Other difficulties remain challenging forever, such as battling an illness or balancing inner truth with outer circumstance. We must learn the crucial difference between facing difficulties in order to resolve them, and fomenting difficulties out of compulsion, such as seeking conflict in a relationship. Sex and love addicts seek out complications for a thrill. They know that life's normal satisfactions never last long enough, but the rush of unnecessary friction? There's nothing more effective to resurrect the ego and distract from reality.

So how do we face difficulty with grace? It helps with another. Knowing we share problems may not make them any easier, but it makes them bearable. Through sharing our difficulty, we learn to listen and receive -- which is what life and love is all about. Through the delicate act of intimacy, we can bear our most indelicate burdens. To heal yourself from perpetual feelings of hopelessness and persecution, let your difficulties be the guiding light to the inner growth you seek. They bring the opportunity to practice acceptance and loving-kindness, to affirm connection and courage, to summon endurance and true purpose. These precious virtues manifest only through effort. All that we know, express, and become springs from great difficulty. Through difficulty, we never stop evolving to greater levels of being.

Daily healthy sex acts

  • Recall having to do difficult homework as a child. How did you get through it? We can call on the healthy coping skills we learned growing up. Now remember a personal triumph when you worked your way through a tough task. How can you apply this proven problem-solving process to your daily life?
  • Recognize the growth made possible in you through difficulty. How have your hardest, most challenging times changed you for the better?
  • Get out of self-pity, blame and resentment. Embrace any difficulties today with positive certainty they deliver the spiritual transformation you're seeking.

Meditation 3: Constancy

"Out upon it, I have lov'd
Three whole days together;
And am like to love three more,
If it prove fair weather" -- John Suckling

As much as we enjoy new experiences to delight our senses, secretly we all seek constancy -- to be constant in our affections, perceptions and intentions. Constancy is not monotony, an endlessly dull routine to be easily dismissed. Is there a more maddening ache than what comes when we abandon our own ambitions? Maybe it's as simple as a broken promise to exercise, or as complex as an alcoholic's broken resolve to refuse an offered drink, the sex addict's acting out despite deciding to stay put for the night, or the love addict's leaving 20 messages instead of the single one s/he intended. Our inconstancy to ourselves makes us our own worst enemy and creates tremendous inner conflict.

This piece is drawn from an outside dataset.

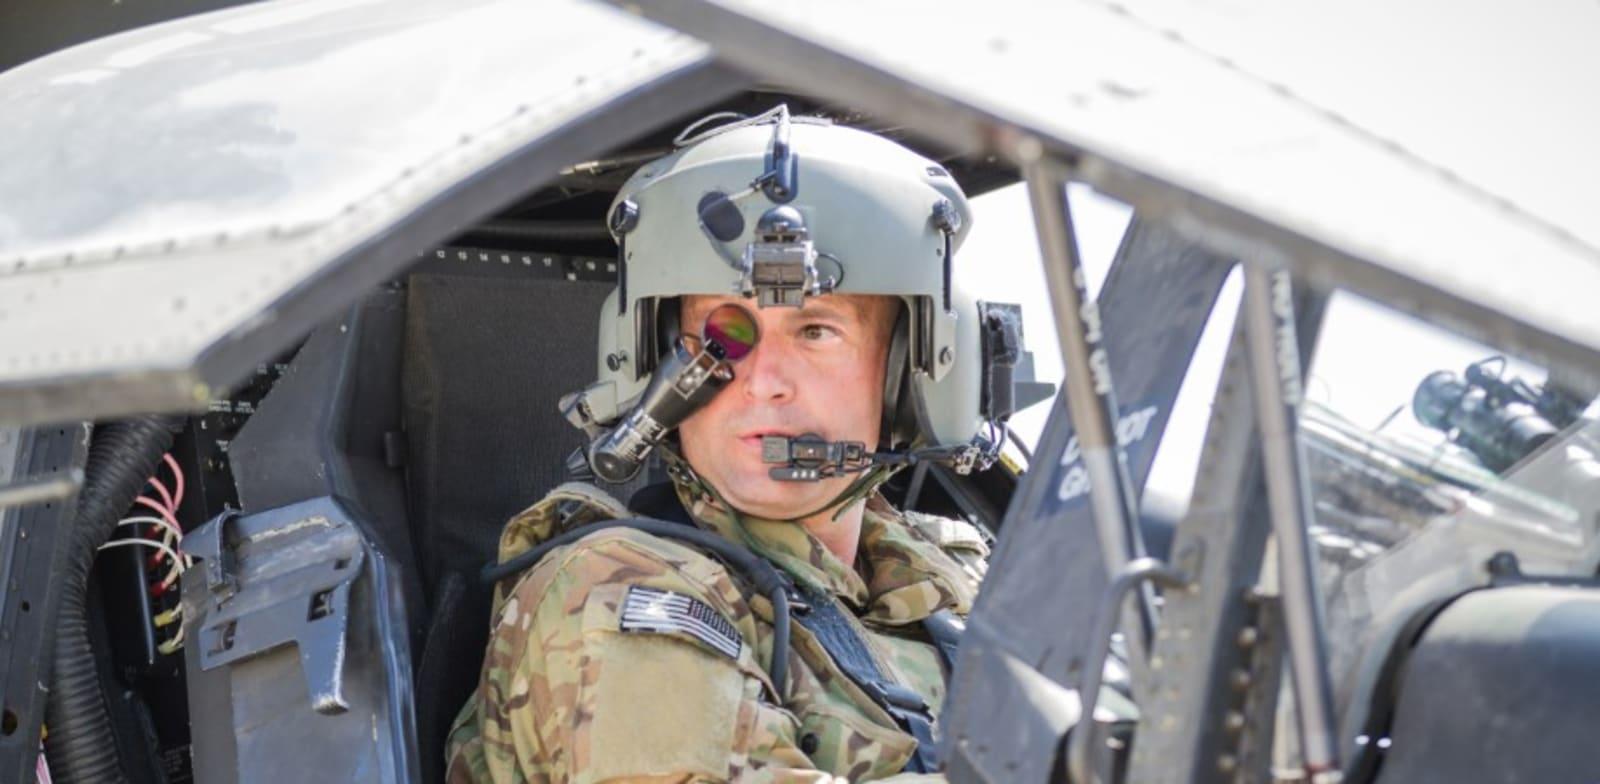 Apache pilot's helmet Photo: Elbit Systems
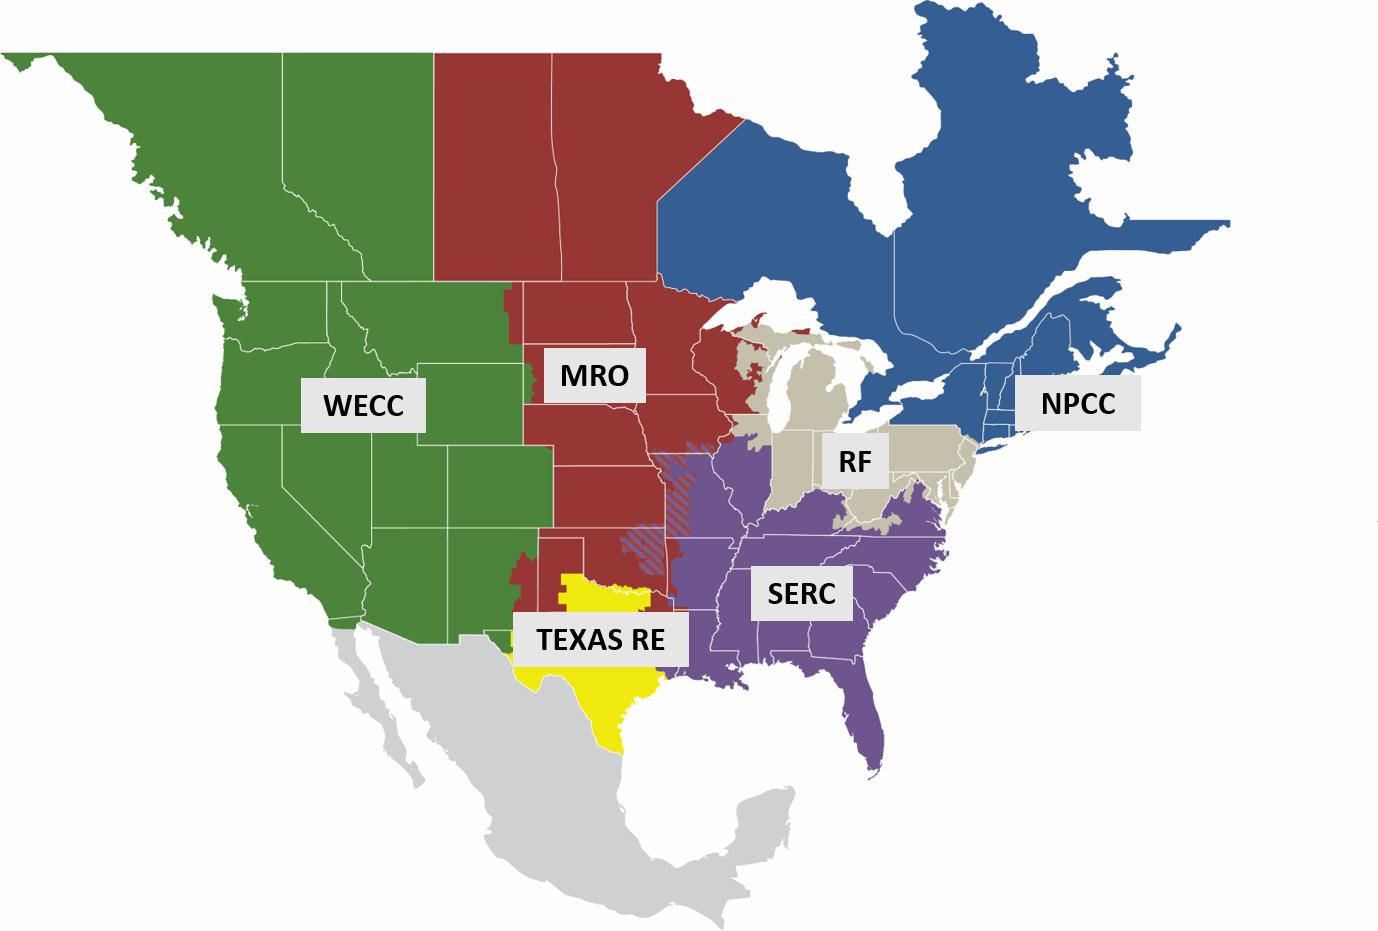 NERC Regional Entities

Think of the times you've been betrayed. Now imagine that pain inflicted on yourself by your own hand every time you betray your principles and best interests. A plant needs constant light and water to blossom; so do you need constant care to bloom. It's only through constancy that you learn to love and trust yourself and others.

It's said the only constant is change. But this truth need not be a fatalistic decree against stability -- we can work this adage to our advantage. Whenever we feel down, depressed, and doomed to failure, we can remember when we felt perfectly fine in similar circumstances. At the times we fume over our weight, age, looks, or worth, we would do well to remember that we had the same weight, age, looks, and worth days earlier but recognized them with a positive outlook. We go through -- and get through -- recurring behaviors and interactions. To cope with our own imperfect constancy in all these endless cycles, we may look beyond our sense of self-betrayal, invoke the faith to affirm our nobler nature, and recommit -- constantly -- to ever-greater constancy.

Daily healthy sex acts

  • Consider whether your actions regularly contradict your aims. Can you stick to a plan, or do you repeatedly rescind your original intentions on a whim? How can you invite constancy into your experience?
  • Notice whether those closest to you keep their word. When should you overlook the less-than-reliable promises of loved ones in order to acknowledge their greater virtues? And when would it be better to call them on their fickle behavior, or steer clear of them entirely?